In reporting for her insightful and engaging account of the birth of local school councils, Mary O’Connell asked her interviewees whom they thought was most responsible for the historic legislation that created them. Don Moore and Designs for Change, the research and advocacy organization he founded in 1977, easily took first place.

Local school councils and their power to select principals and approve budgets and curriculum were the hallmark of a comprehensive set of reforms that decentralized the school system, shifting funds from central office to schools, giving principals authority to fill teacher vacancies themselves, and ending the iron grip that school engineers had on the hours schools could be open.

 “Don was the most persistent, thoughtful, smart advocate I know,” said Anne Hallett, director of the Grow Your Own teacher preparation program. “He would get his teeth into something and not let go.”

Donald R. Moore, 70, died last week of a heart attack.

While there were many streams flowing into the decentralization agenda, including the business community and community-based organizations, Moore, along with the late Fred Hess of the Chicago Panel on Public School Policy and Finance, set the direction with their research – first on the failings of the school system and then on the factors of successful school improvement. (Moore, who held a doctorate from Harvard University, conducted research at the national level before zeroing in on Chicago.)

“He produced really good data over the years,” said Hallett. “His crowning accomplishment was the [1988] Chicago school reform legislation.

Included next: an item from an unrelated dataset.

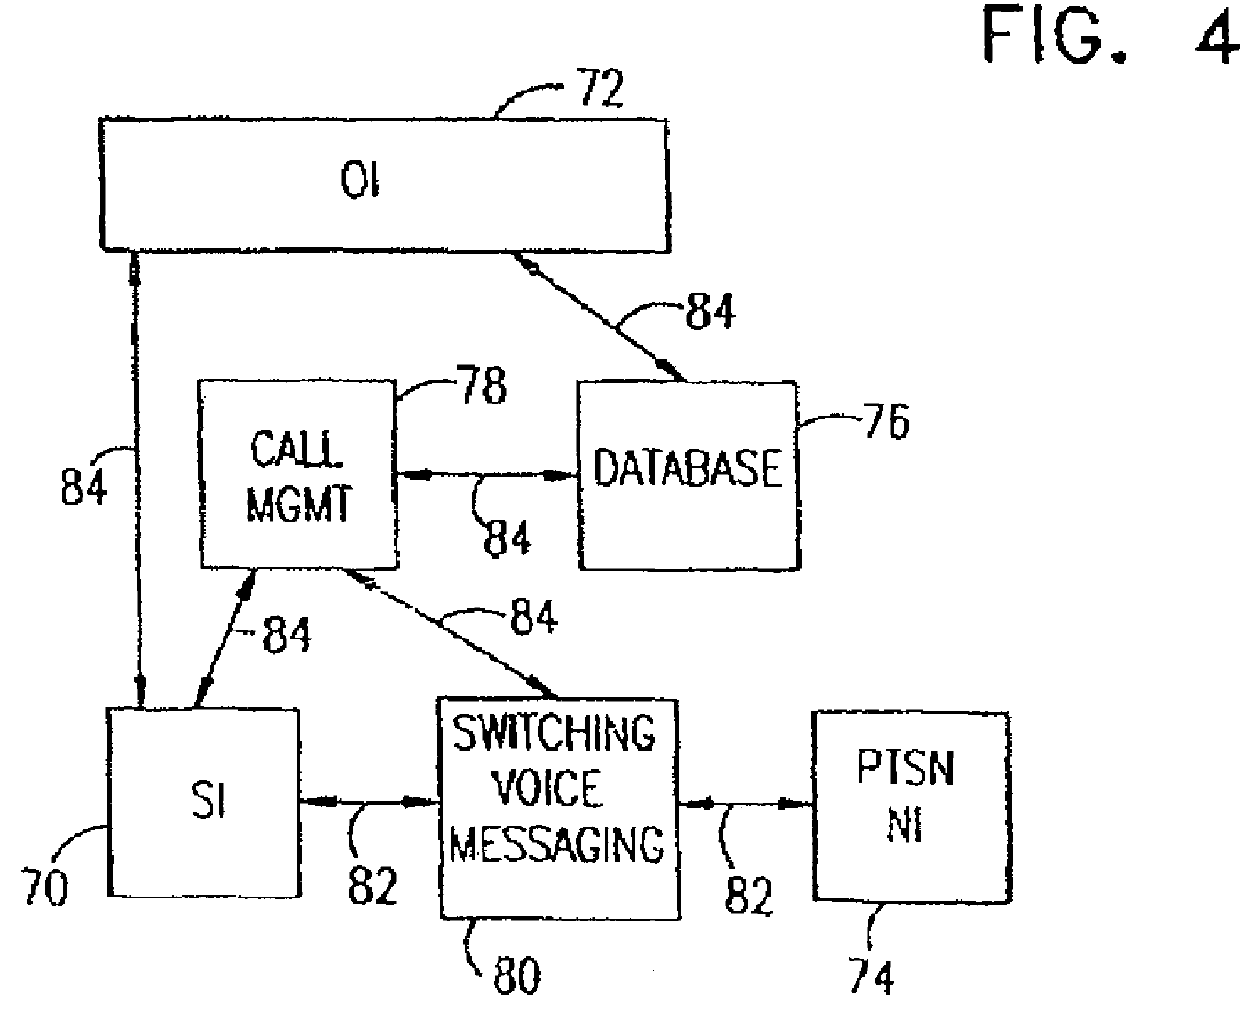 System and method for managing multimedia communications across convergent networks

It was a good example of how Don would have a powerful idea and then include a lot of people in the fray.”

“He was behind the whole business of getting the plan written into law,” recalled Peter Martinez of the educational leadership program at the University of Illinois at Chicago.  “He organized the network, raised the money and hired the lobbyists. … He was an unusual mix.”

While Moore was not a classical community organizer, he did form broad-based coalitions. The runners-up in Mary O’Connell’s “most responsible” list are a reflection of that. They included, in order, Chicago United (or business community), the United Neighborhood Organization (UNO), Fred Hess or the Chicago Panel on Public School Policy and Finance, the People’s Coalition for Educational Reform (a social service coalition), PURE, the late Mayor Harold Washington and the Parent/Community Council (a group Washington formed).

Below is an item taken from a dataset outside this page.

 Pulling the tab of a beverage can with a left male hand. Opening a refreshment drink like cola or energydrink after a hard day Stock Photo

Once the legislation was passed, Moore researched its impact, identifying 150 neighborhood schools with effective councils and a path of student achievement that was significant.

“He demonstrated that site-based democracy is a powerful way to run a public school,” said Ray Boyer, former associate vice president for public affairs at the John D. and Catherine T. MacArthur Foundation, which had made a 10-year, $40 million commitment to reform.

Moore also fought repeated efforts to return authority to central office, tracking unfriendly bills and sending busloads of supporters to Springfield. Eventually, opponents decided local school councils “were the third rail of politics” and they would try to work around them, said Martinez.

In another arena, his findings that CPS was not providing special needs students with services they were entitled to set the stage for the Corey H. lawsuit and ruling that forced reforms at the city and state levels. Less well known, he played an important role in identifying the “five essential supports” for school improvement, Martinez said, recalling a meeting in the mid-1990s in the office of former Schools Supt. Argie Johnson.

The University of Chicago Consortium on Chicago School Research subsequently conducted extensive research on the factors, confirming their role, and school systems are adopting them as a guide for improvement.

Don Moore is survived by two sons, Peter and Adam, and a sister, Susan Moore Johnson. The board of Designs for Change is planning a memorial service. Details are not yet available.